HK’s largest teachers’ union is disbanding due to ‘drastic changes’ in the environment

The union was recently criticised by Chinese state media.
The union was recently criticised by Chinese state media.PHOTO: REUTERS

HONG KONG - The city’s largest teachers’ union, which Chinese state media said was breaching Hong Kong’s national security law, is disbanding because of “drastic changes in the social and political environment.”

The chairman of the Professional Teachers’ Union (PTU), the biggest trade union representing a single profession in the city with 95,000 members, on Tuesday (Aug 10) said the union had come under “huge pressure” although many factors were considered when it considered making this “tough and unwanted” decision.”

“It is quite a huge crisis and we cannot cope with (it),” said Mr Fung Wai Wah.

“Even with many options that we’ve thought about, we can’t find one that is feasible, that will solve the crisis or the problematic situation. So, we have to resort to this last option,” he added. 

The well-funded union will stop recruitment and membership renewals, and will also no longer comment or participate in social events.

The PTU’s 200-strong staff will be laid off and the union’s asset estates sold.

The PTU has accumulated large reserves from its welfare arm which sold essentials and other goods such as books, stationery and home appliances to members at discounted prices, besides organising profession-related activities.

Union branches in Mong Kok, Causeway Bay and Tsuen Wan will remain open until all the goods such as stationery, books and groceries are sold, while the health clinics that provide discounted check-ups and services in areas like dental, optometry and physiotherapy, will also end their services soon.

The move to dissolve the body comes a week after the union said it would set up a unit to help teachers understand Chinese history, culture and national affairs - a gesture widely viewed as an olive branch to the authorities.

This came after Hong Kong’s Education Bureau announced on July 31 that it would cut ties with the PTU and no longer recognise it as a professional education body.

In a statement, the bureau said that “the remarks and deeds of PTU in recent years are invariably inconsistent with what is expected of the education profession, rendering it no different from a political body in essence”.

It added that the union not only proactively participated in events organised by the Civil Human Rights Front and Hong Kong Alliance in Support of Patriotic Democratic Movements of China, but has also “urged teachers to launch class boycotts, triggering the infiltration of politics into schools”.

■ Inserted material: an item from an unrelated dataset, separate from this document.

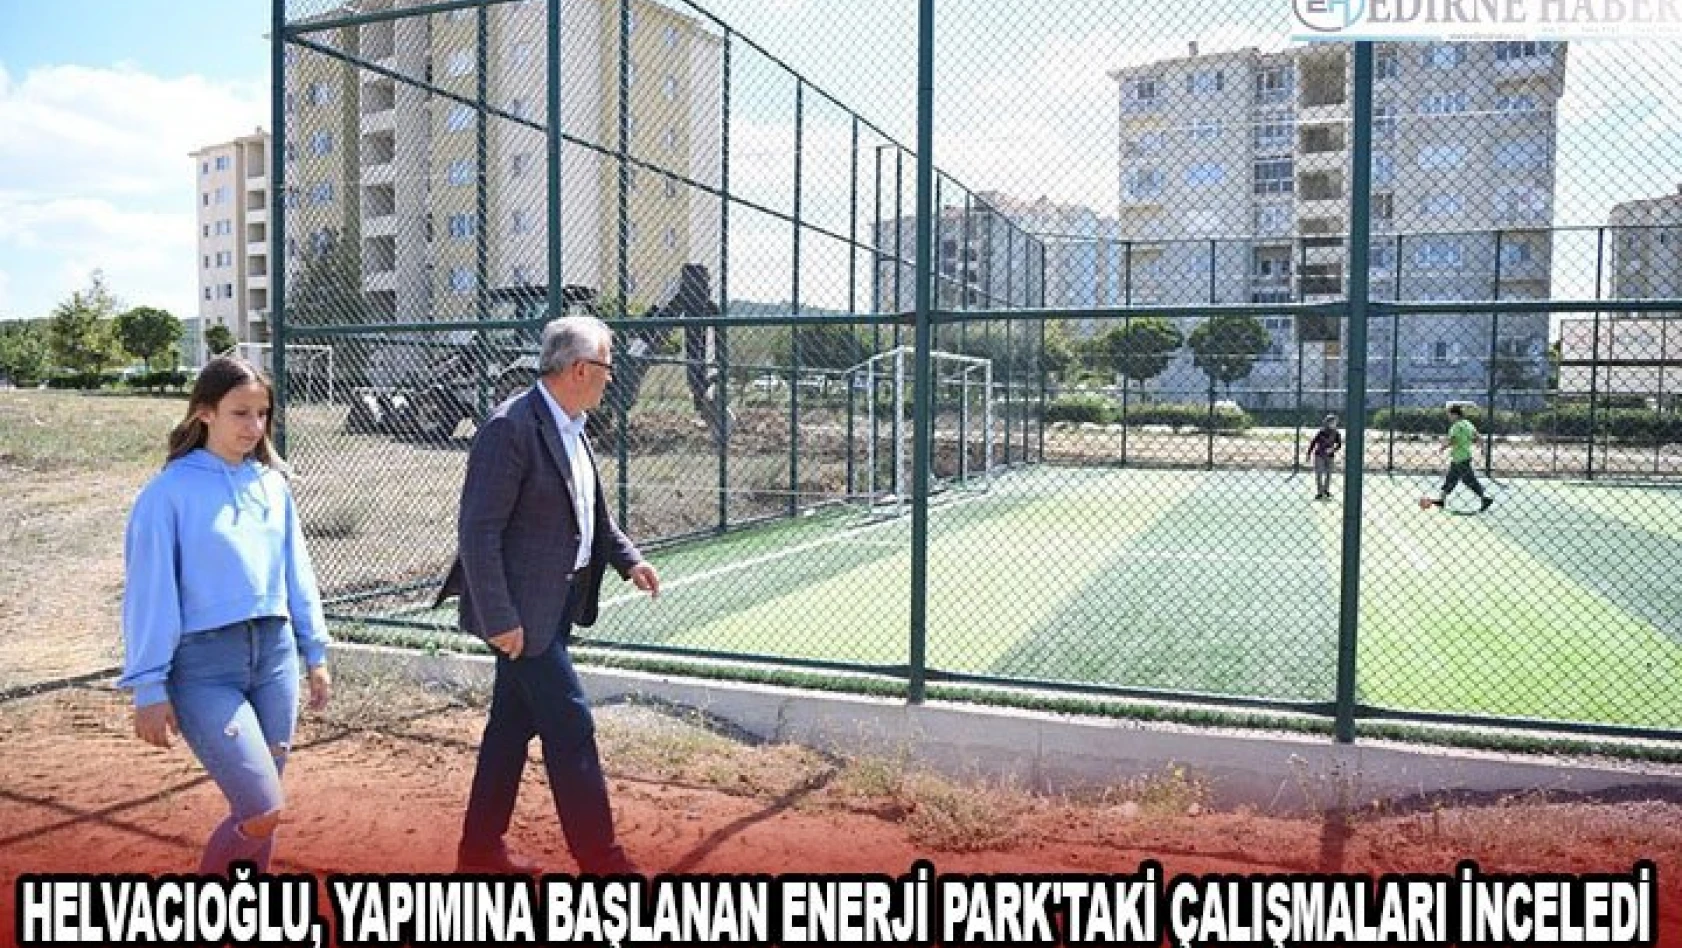 Helvacıoğlu, yapımına başlanan Enerji Park'taki çalışmaları inceledi

Hours before the Bureau’s announcement, Chinese media denounced the union as “a poisonous tumor” which it said must be “eradicated.”

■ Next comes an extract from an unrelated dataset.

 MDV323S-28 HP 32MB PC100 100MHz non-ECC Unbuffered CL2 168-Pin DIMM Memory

The mouthpiece of the communist party, People’s Daily, said the union had stood against education and professionalism, and had been encouraging anti-China activities while state news agency, Xinhua, charged that PTU had participated in filibusters in the Legislative Council, encouraged class boycotts and supported rioters and teachers who were poisoning students’ minds.

The PTU was founded by the prominent pro-democracy activist and politician Szeto Wah in 1973, six years before he died. He set up the union in response to a salary cut for certified teachers.

Its influence grew over the years with the city’s second-largest teachers’ union - the pro-Beijing Hong Kong Federation of Education Workers - able to muster about 42,000 members or fewer than half of the PTU.

PTU had recently quit the Confederation of Trade Unions viewed as pro-democracy, and had earlier left the Civil Human Rights Front and the Hong Kong Alliance, which used to organise major protests in the city, including some of the biggest during the 2019 unrest and the traditional June 4 vigil for the Tiananmen incident. 

In a statement issued shortly after PTU’s announcement, the Hong Kong Journalists Association (HKJA) said it was “extremely sad,” adding that the union had played an important role in the trade union movement for many years.

HKJA said it believed trade unions continued to play a key role in defending the rights and interests of their members even though the road ahead had become more difficult and dangerous for them.